Крутые склоны гор утыканы рядами палок, по ним вьются плети с треугольными зубчатыми листьями.

Огурцы, что ли? Зачем же так странно, стоя на палках? Нет, не плети, то лозы винограда отцвели. Тут среди мелких листьев кистями повиснут полупрозрачные ягоды, нальются соком вина белые, красные, сладкие, кислые, даже горькие (коньяк).

Крупнолистые лозы дадут виноград для еды—роскошное лакомство всех видов, вкусов и оттенков. Вид у виноградника, однако, вообще невзрачный, много хуже малинника.

Из-за крупных камней, сложенных без всякой смазки в стену, из-за этого толстого несокрушимого забора свешиваются крупные блестящие, точно маслом вымазанные, листья и между ними пучки ягод, похожих на вишню: черешня.

Приятно кое-где увидеть старого знакомого: вот картофель в цвету, нельзя не узнать. Но рядом длинные зеленые усы вылезают из коричневой, почти желтой гряды, это что? Кукуруза.

Неужели тут пашут землю? Разве олень, цепляясь узкими копытами, протащит какую-нибудь необыкновенную соху по кручам. Лошади не пробраться. Нет, киркой, мотыгой, заступом отбивает человек похожие на глину комья от камней, и эта почва несет неслыханные для нас, северян, урожаи.
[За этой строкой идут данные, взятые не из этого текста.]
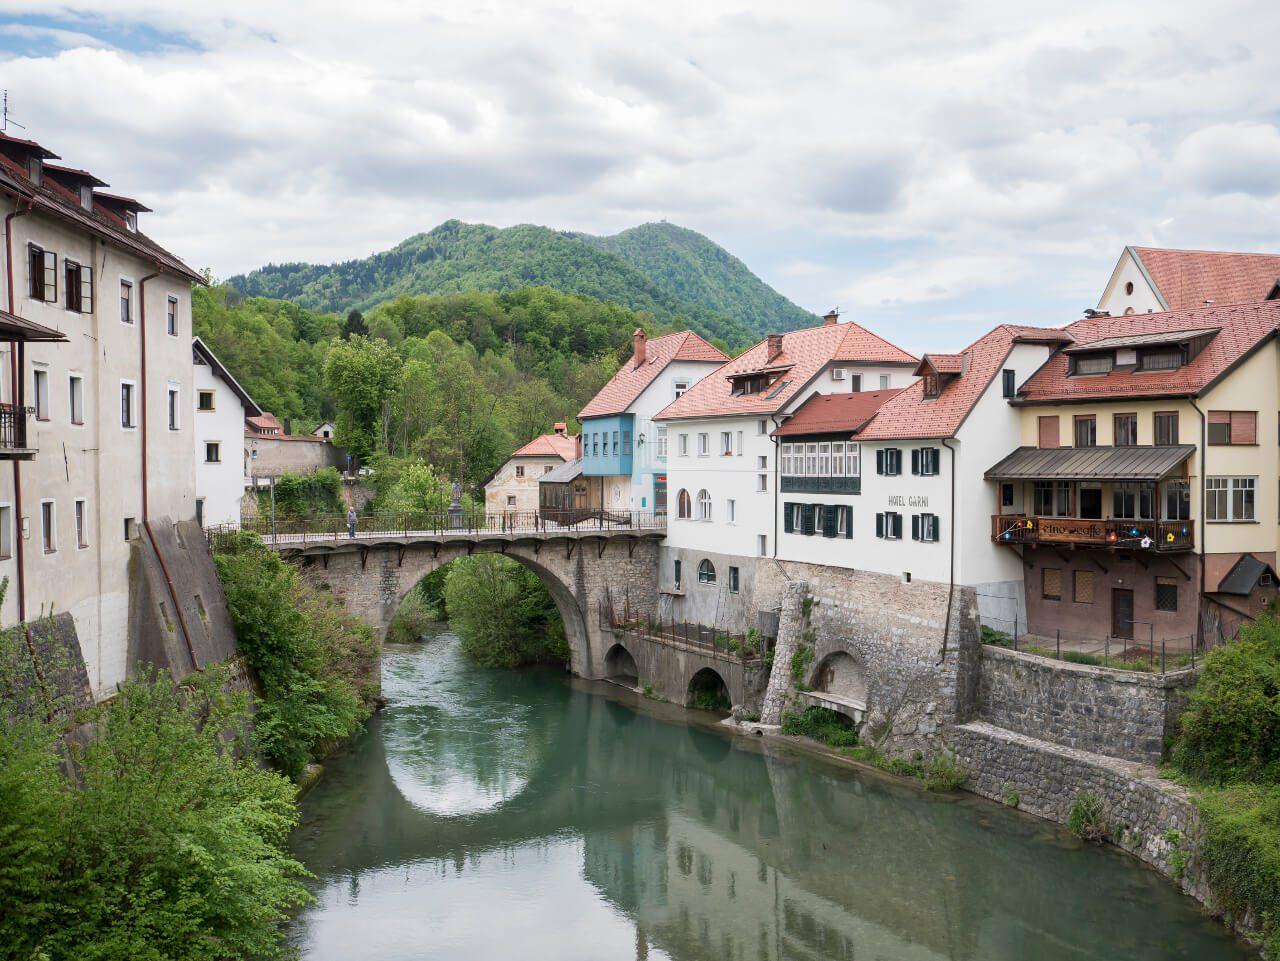 Co warto zobaczyć w Słowenii - Najbardziej charakterystyczny kadr w mieście - Most Kapucyński

Синие баклажаны, зеленый перец, кабачки всяких цветов и величин, томаты, чей красный сок наполняет миллионы консервных коробок, — все эти и многие другие невиданные, неслыханные на севере, все они зреют тут в палящих лучах.

Машина, трубя, все летит, и вдруг из-за уступа, заслонявшего впереди дорогу, выкатывается огромное синее. Конечно, было известно, что оно недалеко, где-то тут за горами, но, появившись вмиг, неожиданно, оно поражает, и в ревущей машине все тридцать разных голосов вскрикивают:

— Ах, море!

Оно точно застыло в своем великолепии. Ни ветринки, ни волны, ни пены, ни единого паруса. Только синева, гладь, блеск и необъятный простор до края неба.

 

ОТ МОРЯ В ГОРЫ

Кончились кривые переулки городишка или началась какая-то деревня? Не разобрать. Узкая дорога идет между каменными заборами плодовых садов.

— Султанку ел? — спрашивает возница. — Нет? Напрасно. Очень хороший рыбка. Вчера много ловился, не знают, куда девать. Дешевый рыбка, а вкусный. Барабулька—по-русски называется.

Жалко. Я второпях сегодня не пообедал. Вместо знакомства с необыкновенной рыбкой приходится натощак любоваться закатом солнца за горами. Татарина я нанял свезти меня в заповедник, но, судя по приветствиям со встречными, едем мы не туда. Говорят, конечно, по-татарски, но упорно повторяются вопрос и ответ, ухо начинает улавливать смысл в чуждых звуках, среди которых болтается русское слово.

— Слушай-ка, дед, ты куда меня везешь?

— Монастыр.

— Ну вот. А мне нужно в заповедник.

— Все одно.

— Как так? Ну да ладно. Смотри, твое дело.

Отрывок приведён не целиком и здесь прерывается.